= Compassionate Action for Animals =

US nonprofit organization

Compassionate Action for Animals (CAA) is a Minneapolis-based animal advocacy non-profit focused on raising awareness on factory farming and promoting vegetarianism and veganism.

==History==
CAA was formed in early 1998 in order to pursue "strategic nonviolence" as a path towards animal rights. This is a strategy based on the principles of non-violent action defined by Gene Sharp. These principles of strategic non-violence are reflected in CAA's current core values.

The name Compassionate Action for Animals was adopted in May 1998. In June 1999, CAA became a 501(c)3 non-profit organization after merging with the Animal Liberation League, another local animal rights organization with a very similar approach and philosophy.

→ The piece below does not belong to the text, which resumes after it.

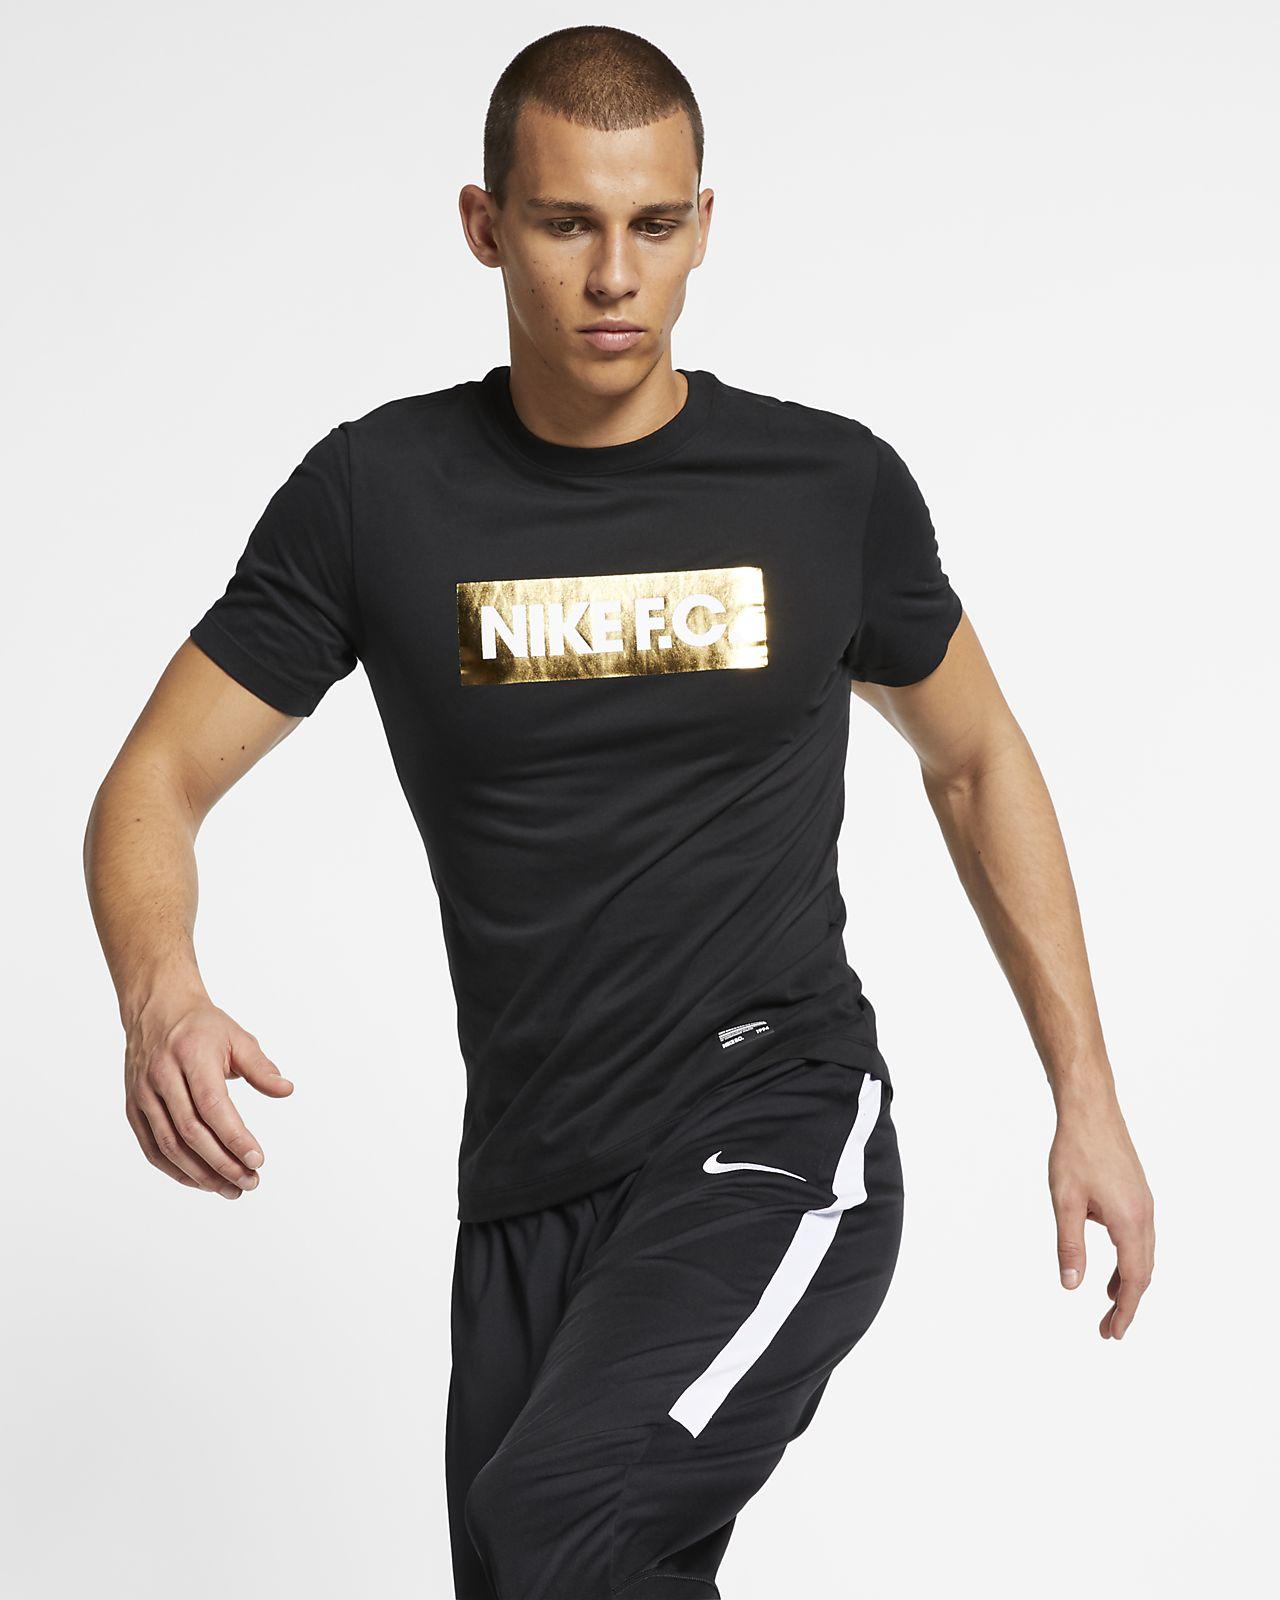 Nike F.C. Dri-FIT 男子足球T恤

In 1999, CAA began working on its Ban Battery Cages campaign, which culminated in the open rescue of over ten egg-laying hens from a battery cage facility, the first such rescue in the US. CAA's investigation and rescue campaign was based on a similar campaign which was first done by Animal Liberation Victoria in Australia.

CAA is active as a student group at the University of Minnesota, Twin Cities campus, as well as at the Macalester College campus and in the larger Minneapolis-Saint Paul area. Its focus is on outreach, education and community-building events.

==Activities and campaigns==
- Outreach through tabling, leafleting, postering, pay-per-view video outreach, literature stands, writing letters and articles for publications, and more.
- Working with community restaurants and university cafeterias to make vegetarian and vegan dining more convenient and available.
- Organizing Twin Cities VegFest, an annual festival gathering together vegan and vegan-friendly vendors, animal advocacy organizations, speakers, cooking demos, and other programming.
- Organizing the Twin Cities Vegan Chef Challenge, a month-long restaurant contest where participants rate vegan dishes.
- Social events such as potlucks, movies, game nights and dine-outs.
- Food giveaways to show how delicious vegetarian and vegan food is.
- Hosting speakers who address animal, ethical and health issues

==Location==
CAA has an office in the Sheridan Neighborhood at 34 13th Ave NE #108, Minneapolis, MN 55413.